After the modifications are in place and the new driver version has been recompiled and correctly loaded into ESPRESSObin's kernel, we can again execute our testing program, chrdev_test. We should get the following output:
# ./chrdev_test chrdev
file chrdev opened
wrote 11 bytes into file chrdev
data written are: 44 55 4d 4d 59 20 44 41 54 41 00
read 11 bytes from file chrdev
data read are: 00 00 00 00 00 00 00 00 00 00 00
From the serial console, we should see something as similar to the following:
chrdev_legacy:chrdev_open: chrdev opened
chrdev_legacy:chrdev_write: should write 11 bytes (*ppos=0)
chrdev_legacy:chrdev_write: got 11 bytes (*ppos=11)
chrdev_legacy:chrdev_read: should read 11 bytes (*ppos=11)
chrdev_legacy:chrdev_read: return 11 bytes (*ppos=22)
chrdev_legacy:chrdev_release: chrdev released
OK. We got exactly what we expected! In fact, from kernel messages, we can see the calling of chrdev_open() and then what happens when chrdev_write() and chrdev_read() are called: 11 bytes are transferred and the ppos pointer is moved as we expected. Then, chrdev_release() is called and the file definitely closed.
Now a question: what happens if we call the preceding command again?
Well, we should expect exactly the same output; in fact, each time the file is opened, ppos is re-positioned at the file beginning (that is, to 0) and we continue reading and writing at the same positions.
The following is the output of this second execution:
# ./chrdev_test chrdev
file chrdev opened
wrote 11 bytes into file chrdev
data written are: 44 55 4d 4d 59 20 44 41 54 41 00
read 11 bytes from file chrdev
data read are: 00 00 00 00 00 00 00 00 00 00 00
Additionally, the following are the related kernel messages:
chrdev_legacy:chrdev_open: chrdev opened
chrdev_legacy:chrdev_write: should write 11 bytes (*ppos=0)
chrdev_legacy:chrdev_write: got 11 bytes (*ppos=11)
chrdev_legacy:chrdev_read: should read 11 bytes (*ppos=11)
chrdev_legacy:chrdev_read: return 11 bytes (*ppos=22)

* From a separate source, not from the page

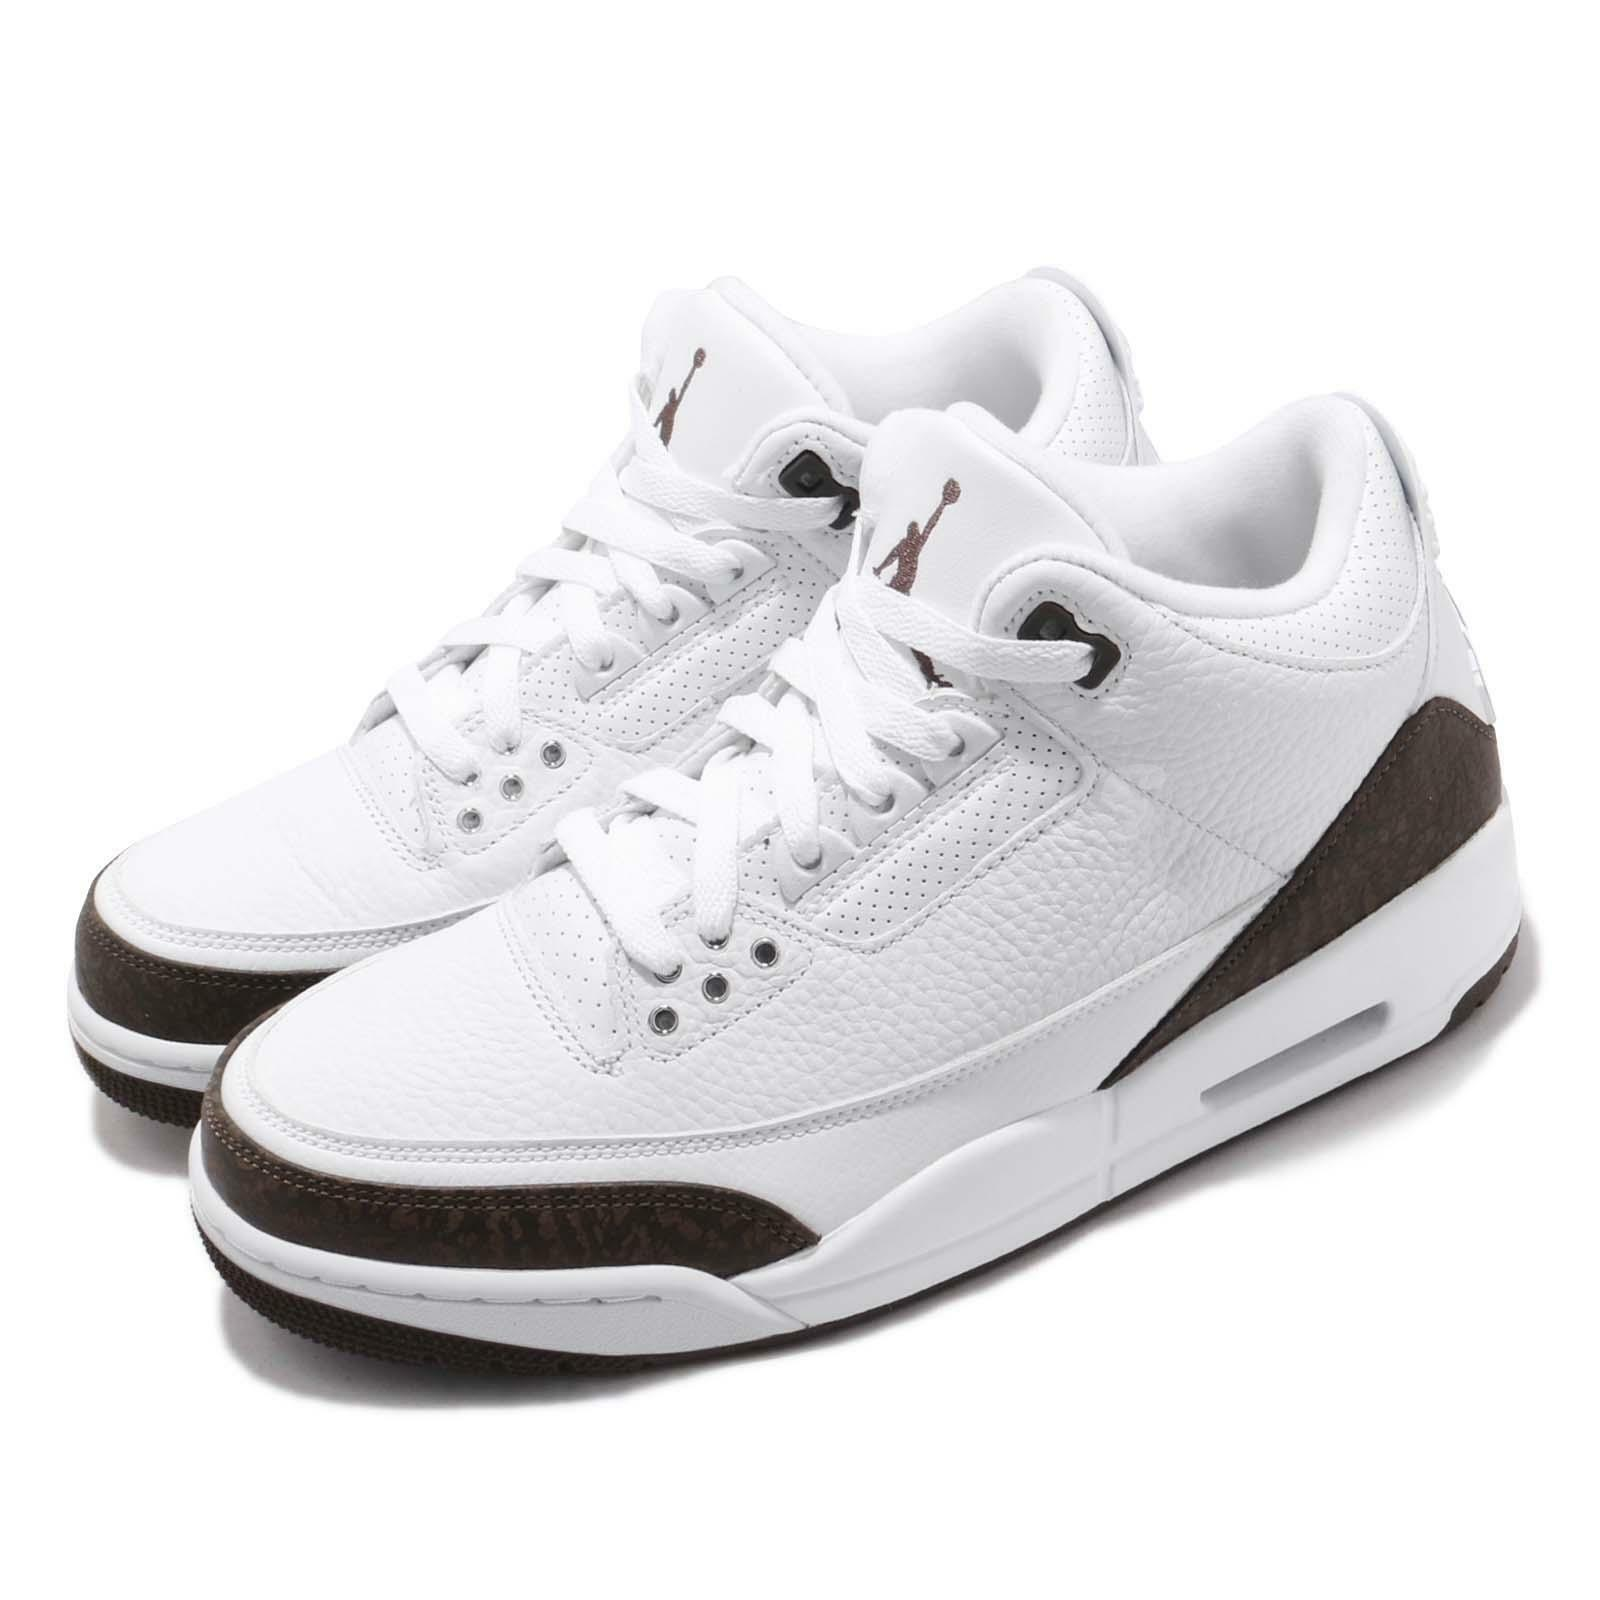 Nike Air Jordan 3 Retro Mocha 2018 III AJ3 White Men Basketball shoes 136064-122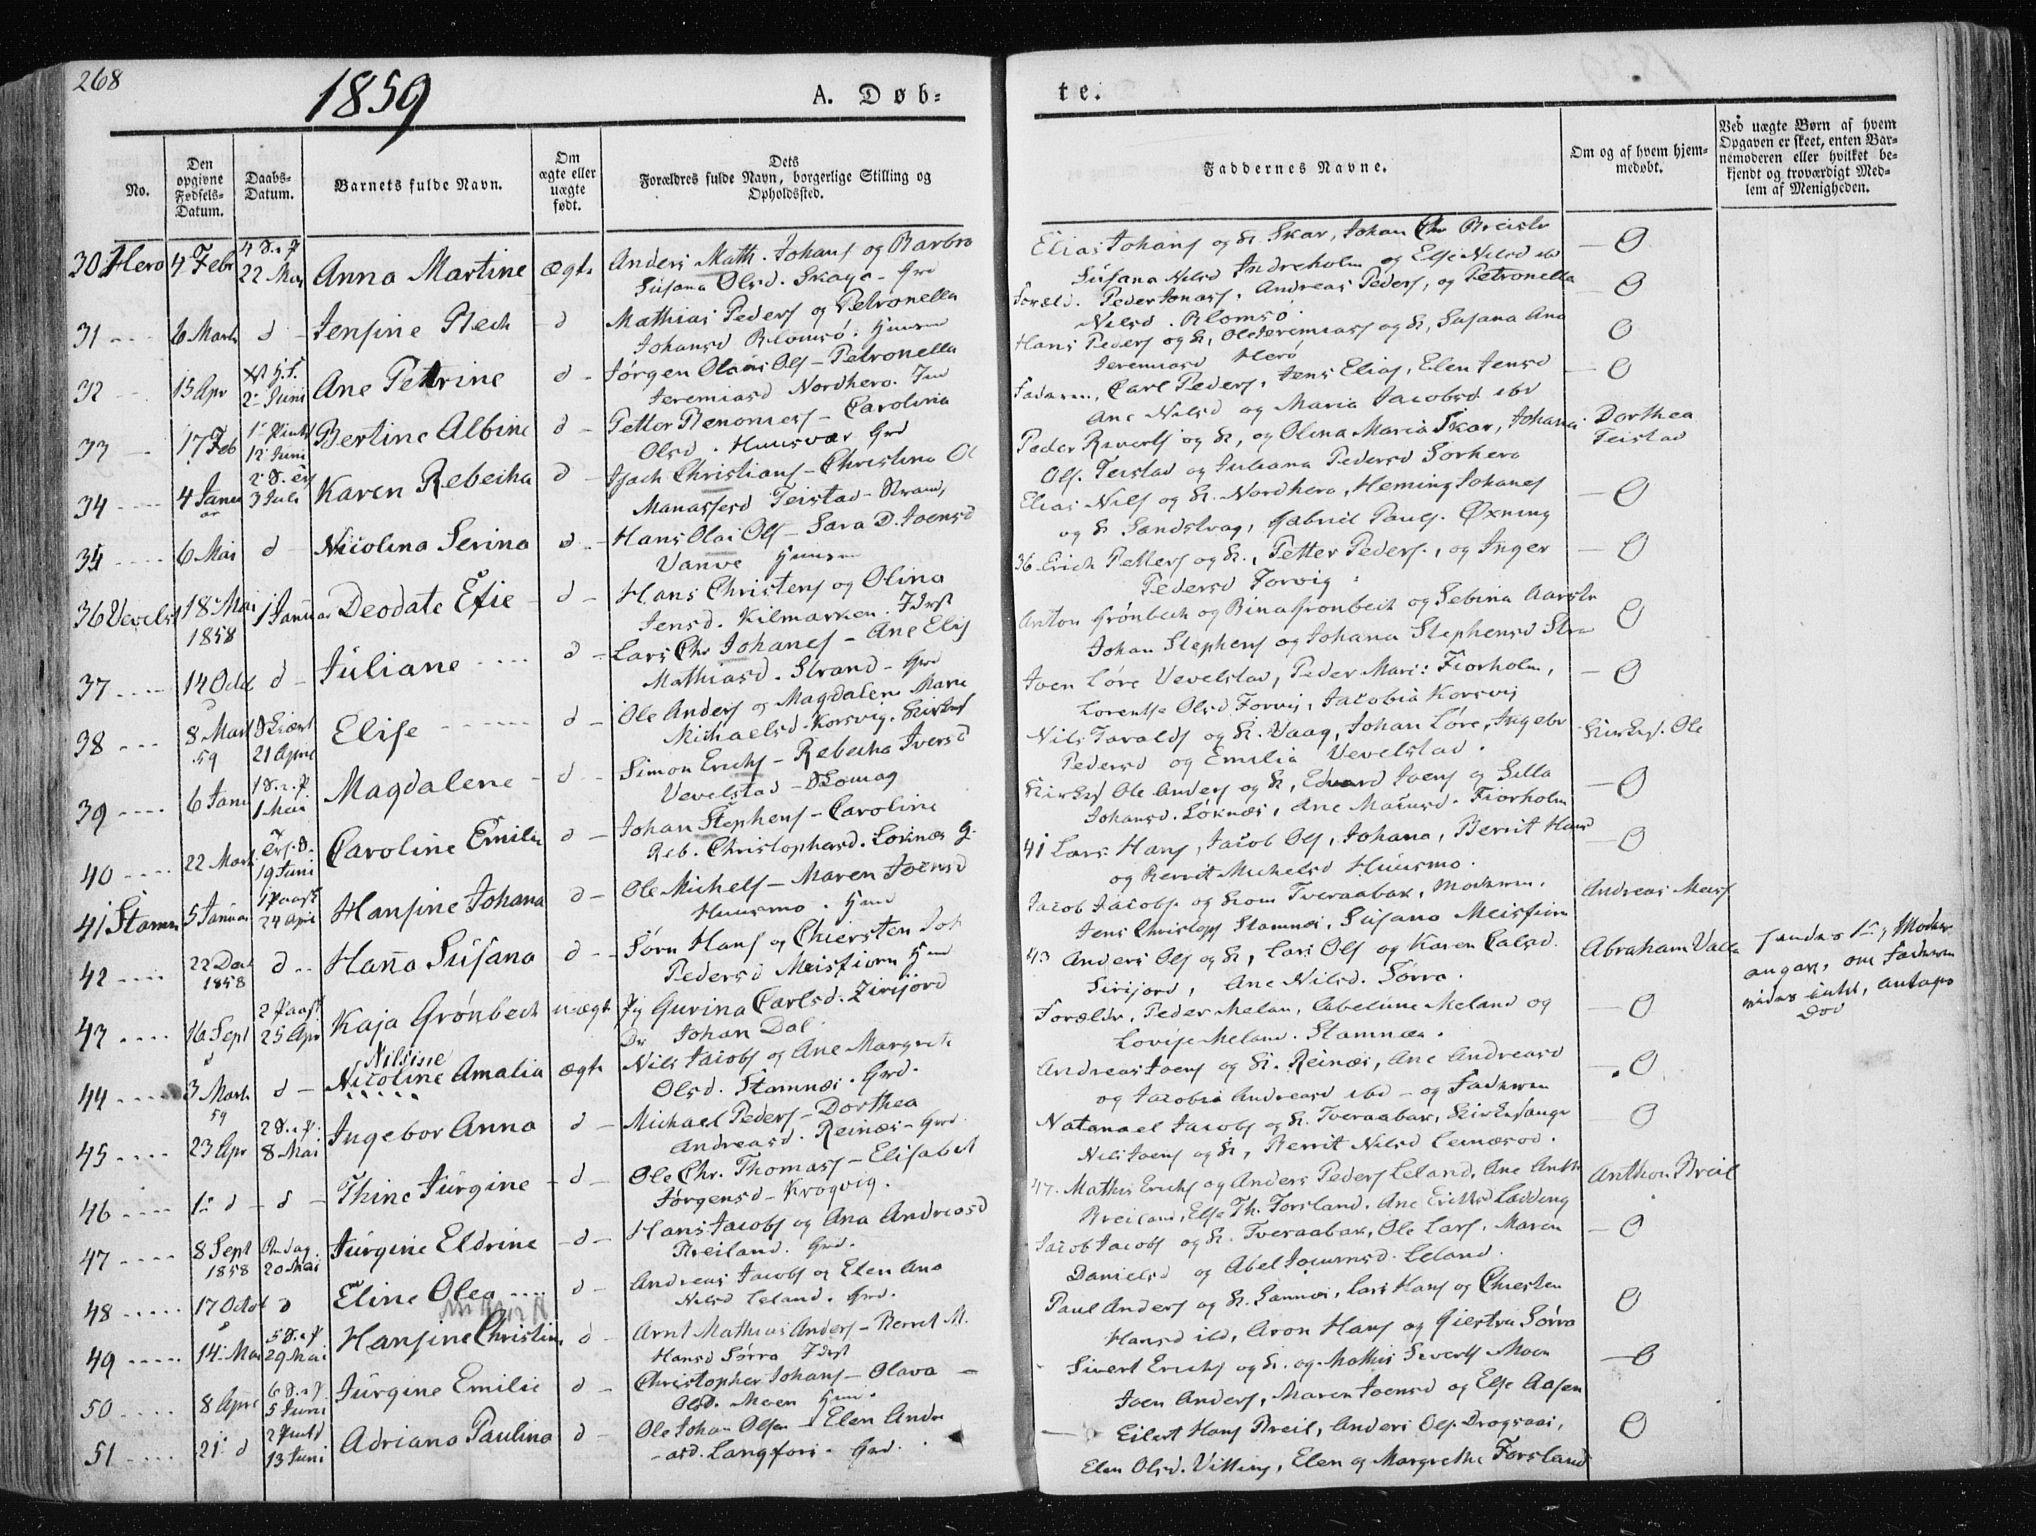 SAT, Ministerialprotokoller, klokkerbøker og fødselsregistre - Nordland, 830/L0446: Ministerialbok nr. 830A10, 1831-1865, s. 268

chrdev_legacy:chrdev_release: chrdev released
If we wish to read the data just written data, we can modify the chrdev_test program in such a way it will close and then reopen the file after calling write():
...
printf("wrote %d bytes into file %s\n", n, argv[1]);
dump("data written are: ", buf, n);
}
close(fd);
ret = open(argv[1], O_RDWR);
if (ret < 0) {
perror("open");
exit(EXIT_FAILURE);
}
printf("file %s reopened\n", argv[1]);
fd = ret;
for (c = 0; c < sizeof(buf); c += n) {
ret = read(fd, buf, sizeof(buf));
...
$ patch -p2 < modify_close_open_to_chrdev_test.patch
Now, if we try to execute chrdev_test again, we should get the following output:
# ./chrdev_test chrdev
file chrdev opened
wrote 11 bytes into file chrdev
data written are: 44 55 4d 4d 59 20 44 41 54 41 00
file chrdev reopened
read 11 bytes from file chrdev
data read are: 44 55 4d 4d 59 20 44 41 54 41 00
Perfect! Now, we read exactly what we wrote and, from the kernel space, we get the following messages:
chrdev_legacy:chrdev_open: chrdev opened
chrdev_legacy:chrdev_write: should write 11 bytes (*ppos=0)
chrdev_legacy:chrdev_write: got 11 bytes (*ppos=11)
chrdev_legacy:chrdev_release: chrdev released
chrdev_legacy:chrdev_open: chrdev opened
chrdev_legacy:chrdev_read: should read 11 bytes (*ppos=0)
chrdev_legacy:chrdev_read: return 11 bytes (*ppos=11)
chrdev_legacy:chrdev_release: chrdev released
Now, we can see perfectly what happens to ppos, and how the chrdev_read() and chrdev_write() methods work in order to exchange data with the user space.